Vertical flipping formulas are depicted in Equations (7) and (8).
Rotation:
The image is rotated right or left on an axis between [0–360] degree for rotation augmentations. The rotation degree parameter significantly impacts the safety of rotation augmentations. Outside of the rotating area, pixels are be filled with 0, and the formula of rotation is given in Equation (9).

$R = [\begin{matrix} c o s (q) & s i n (q) & 0 \\ - s i n (q) & c o s (q) & 0 \\ 0 & 0 & 1 \end{matrix}]$

(9)

where q specifies the angle of rotation.
Translation:
To avoid data-position bias, shifting the image left, right, up, or down is a valuable adjustment, so the neural network looks everywhere in the image to capture it. The original image is translated into the [0–255] value range.
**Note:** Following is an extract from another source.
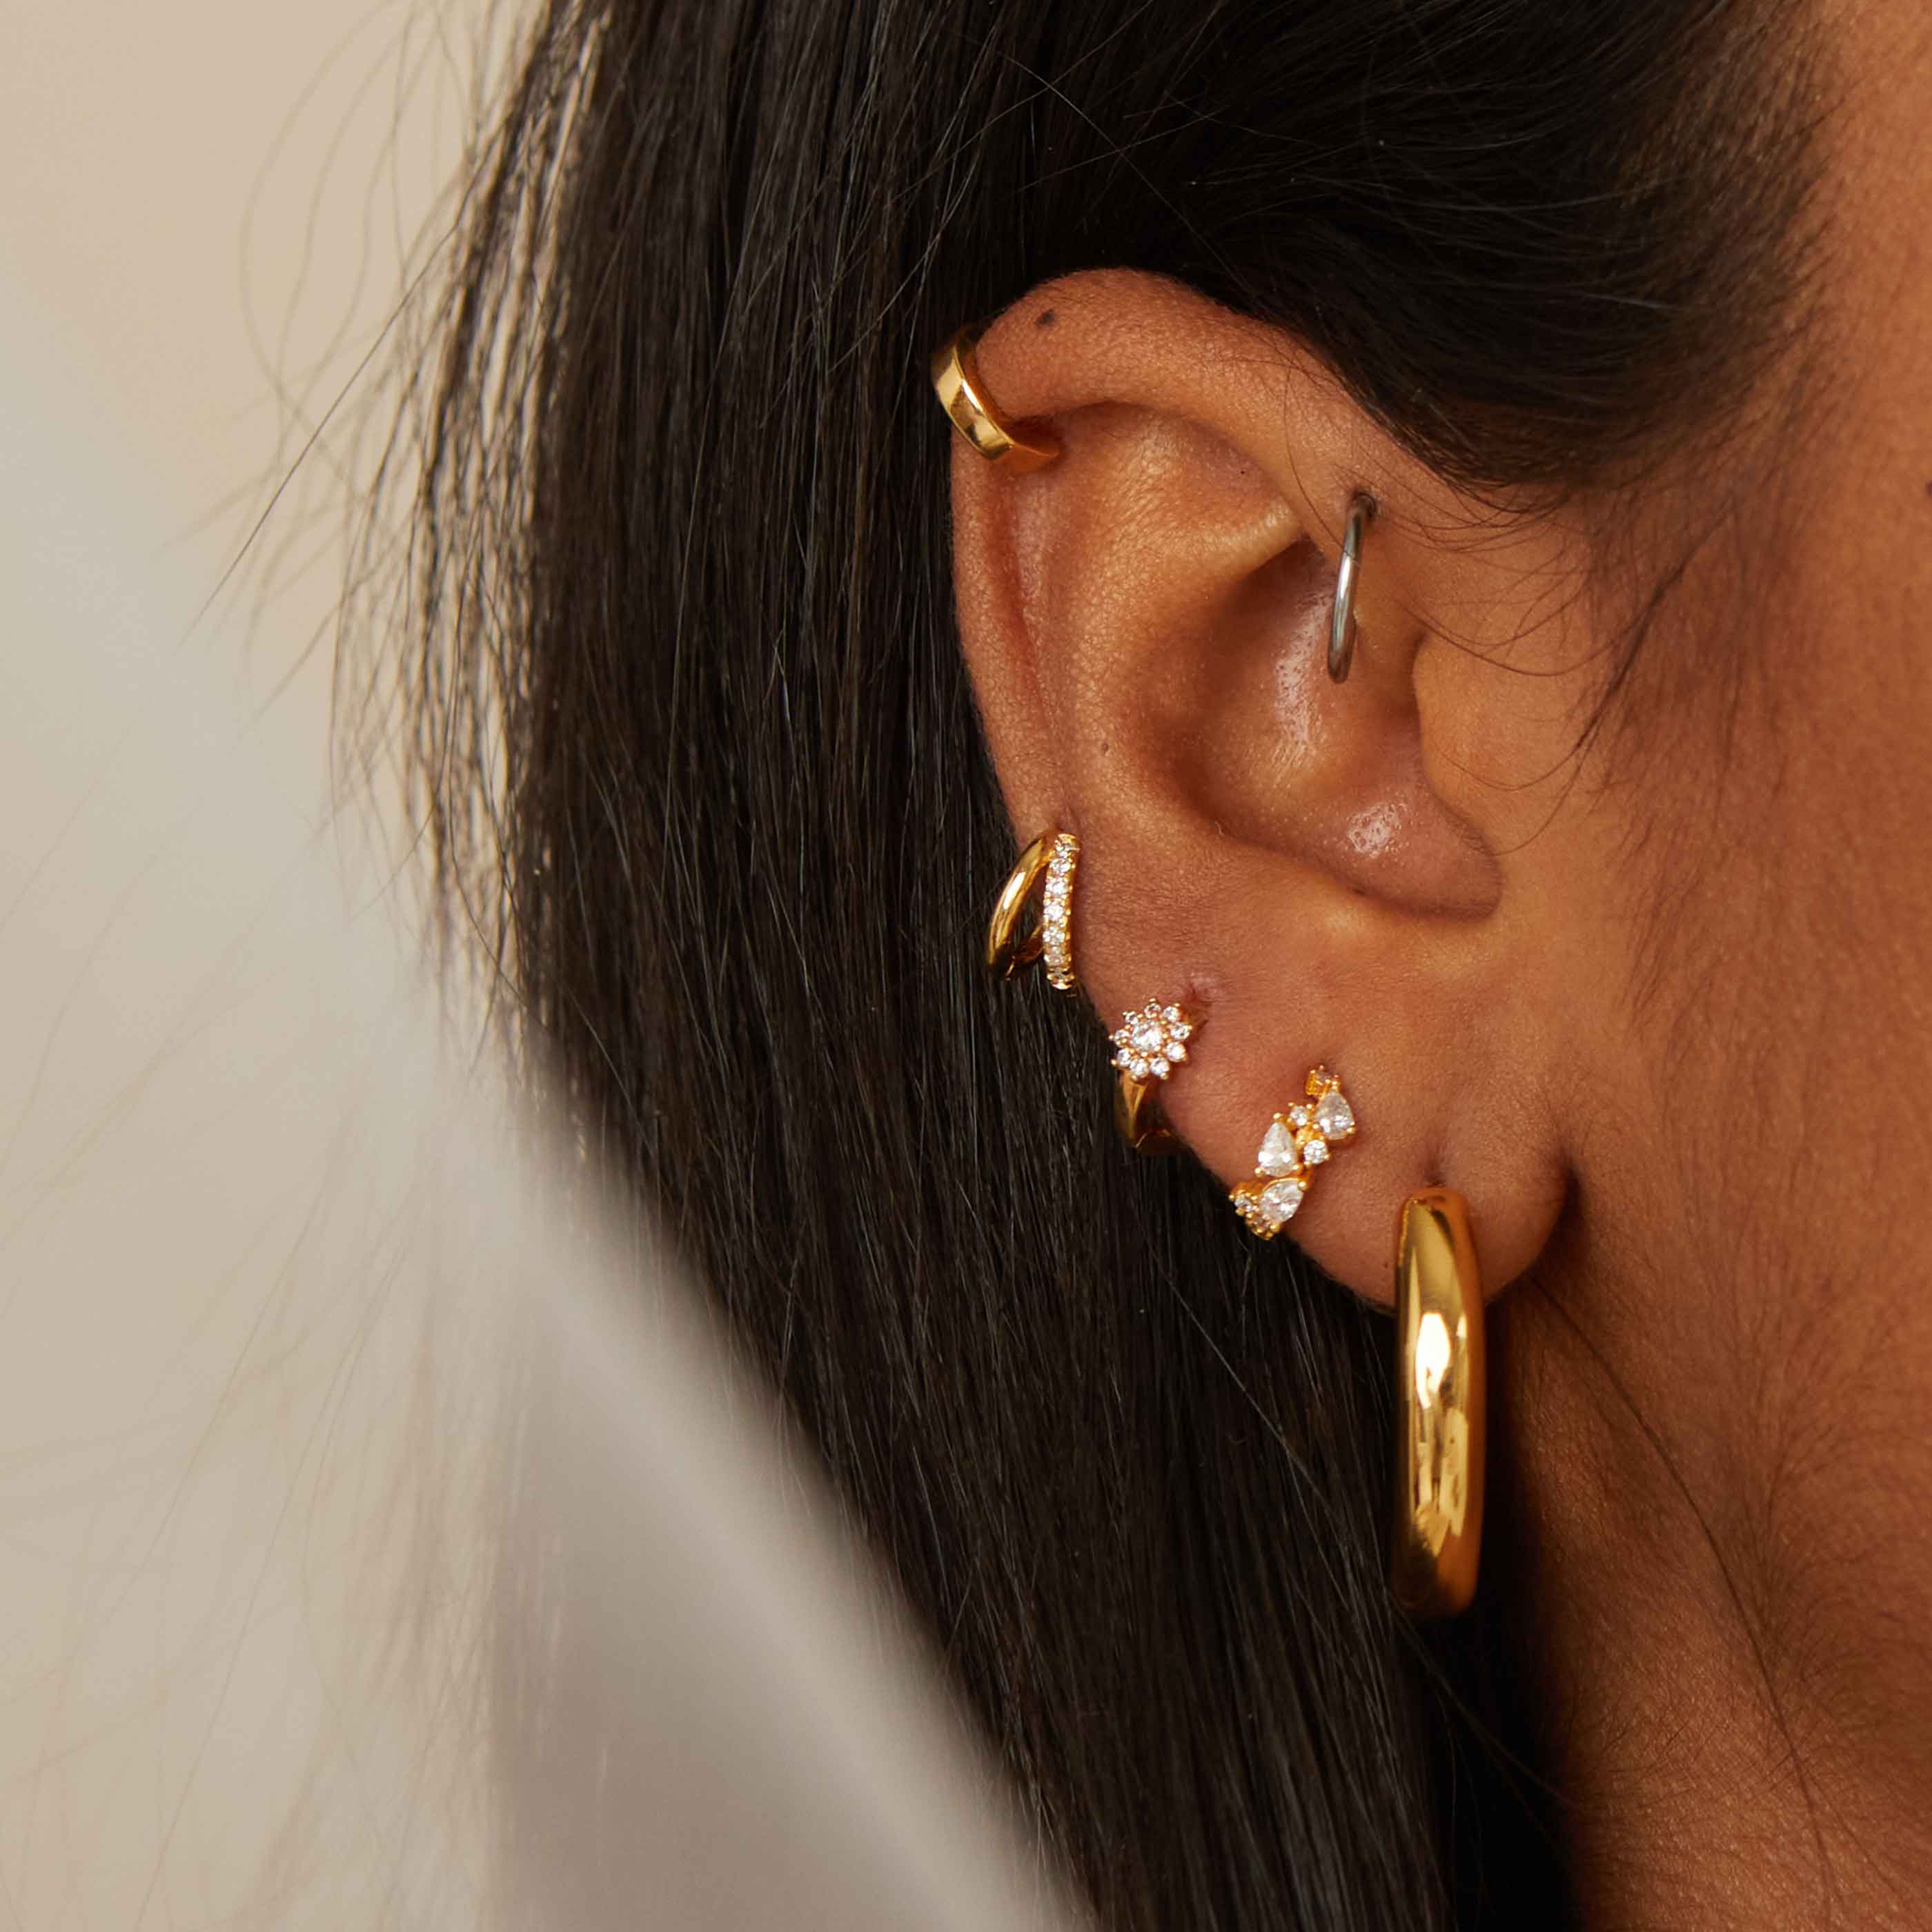 Women's Earrings | Huggie, Hoop & Stud Earrings | ASOS

$t = [\begin{matrix} 1 & 0 & 0 \\ 0 & 1 & 0 \\ t_{x} & t_{y} & 1 \end{matrix}]$

(10)

where in Equation (10), $t_{x}$ specifies the displacement along the x axis, and $t_{y}$ specifies the displacement along the y axis.
Noise added:
Noise is an exciting augmentation technique; noise injection injects a matrix of random values usually drawn from a Gaussian distribution. Stochastic data expansion is applied when the neural network sees the same image, which is slightly different. This difference can be seen as adding noise to the data sample and letting the neural network learn generalized features rather than overfitting the dataset.

4.4. Transfer Learning

Transfer learning techniques are used to improve the performance of machine learning algorithms using labeled data. TL efforts learn and apply one or more source tasks to enhance learning in related fields. It has been studied as a machine learning process to solve problems. TL includes pre-training models that have already been trained on large datasets and models that have been retrained at several levels of the model on a small training set. The initial layer of the pre-training network will be changed if necessary. You can use the final layer of the model’s fine-tuning parameters to learn the capabilities of the new dataset [31]. According to the new task, models that have already been trained will be retrained with a smaller new dataset, and the model weights will be modified. Newly developed neural networks parameters are not built from scratch. The DL algorithm can achieve higher functionality or performance for many problems, but they need a lot of data for training time.

As a result, it can be helpful to reuse pre-trained models for similar tasks. We used two pre-trained models named inceptionV3 and Xception. The PET bottle dataset is used to fine-tune the models once they have been pre-trained with the ImageNet dataset [32]. The most common method for fine-tuning is to delete the last completely connected layer of pre-trained CNN models and replace it with a new fully connected layer (the same size as the number of classes in our dataset). Our PET bottle dataset contains six categories. Finally, the suggested method meets the goal of providing excellent classification results with a small dataset.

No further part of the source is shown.